Exercise brief: Repeat, word for word, all the data that follows, and exclude the pictures.

Given data:
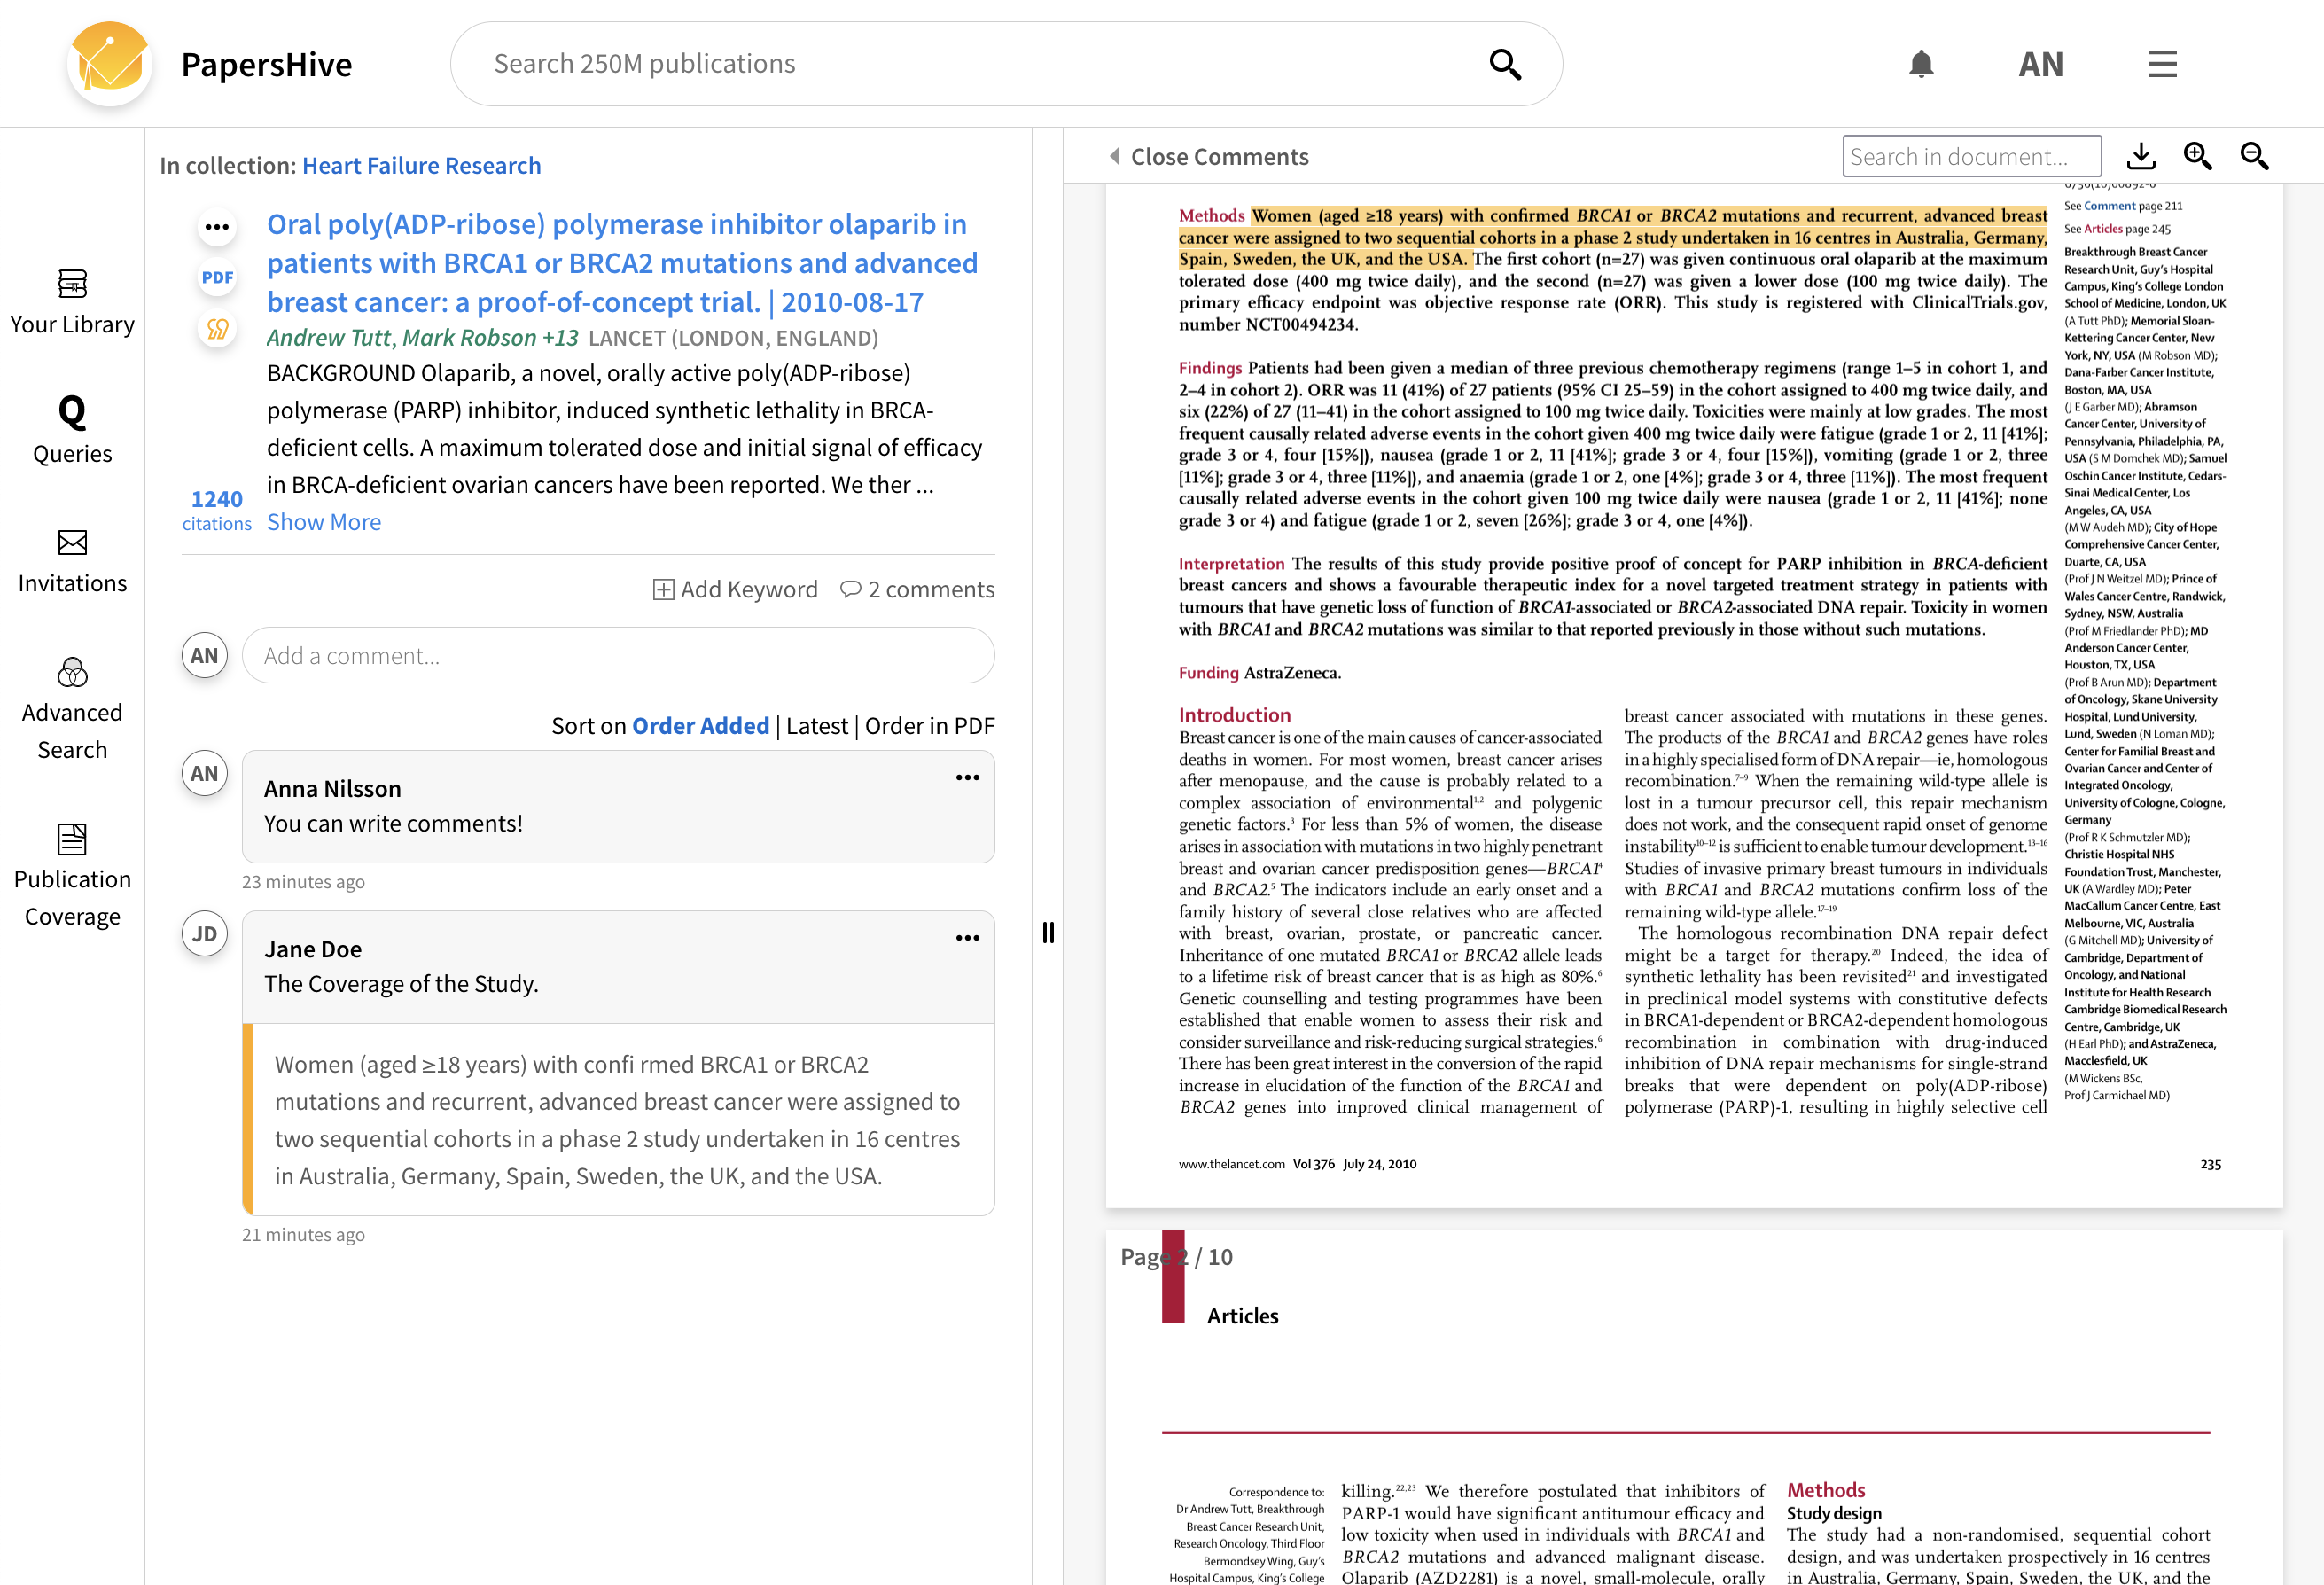 PDF view scrolled to highlight
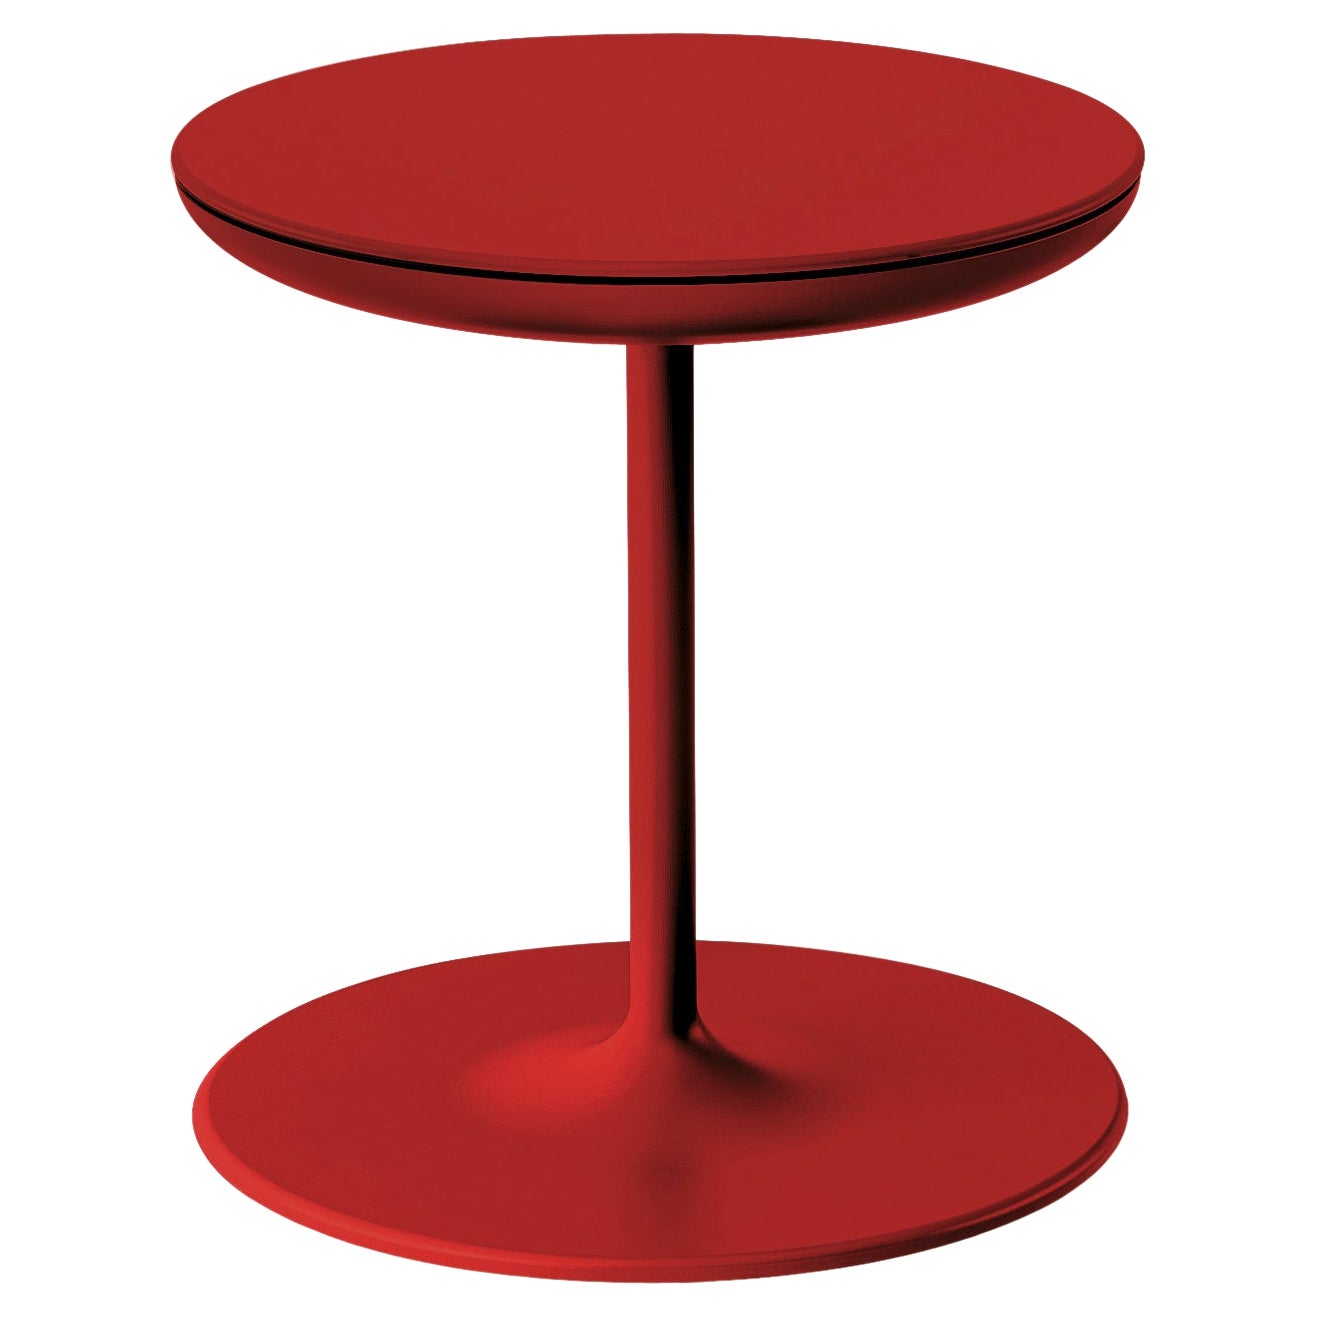 Zanotta Toi Small Table in Red Finish with Plywood Top by Salvatore Indriolo For Sale
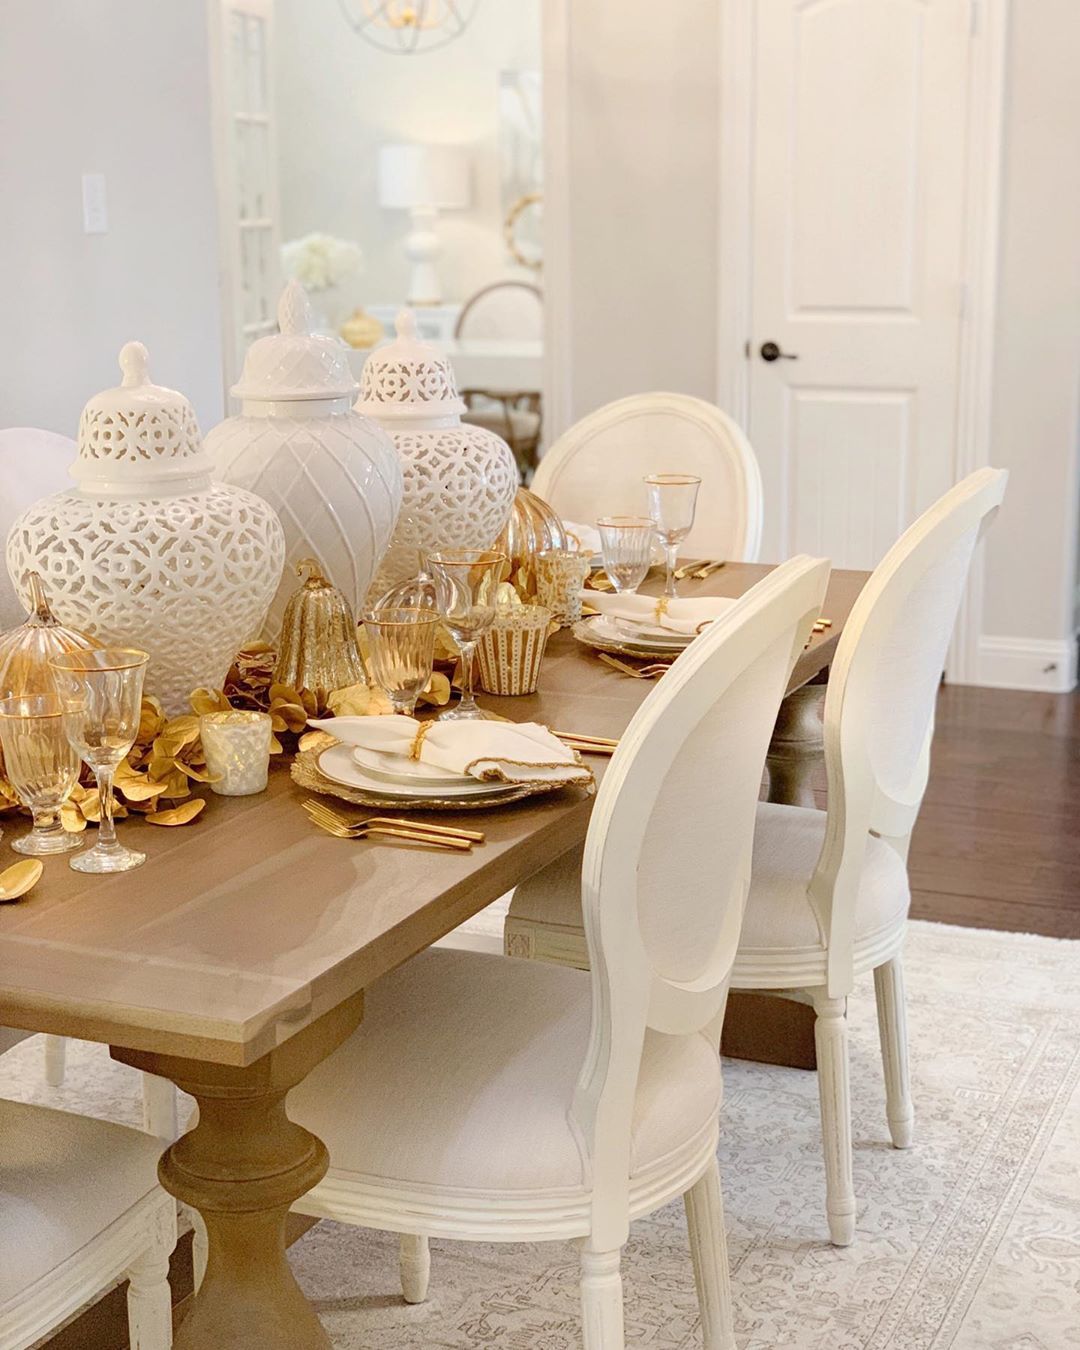 Glam Dining Room with Gold Table Setting via @thedecordiet

Problem solution:
 PDF view scrolled to highlight
 Zanotta Toi Small Table in Red Finish with Plywood Top by Salvatore Indriolo For Sale
 Glam Dining Room with Gold Table Setting via @thedecordiet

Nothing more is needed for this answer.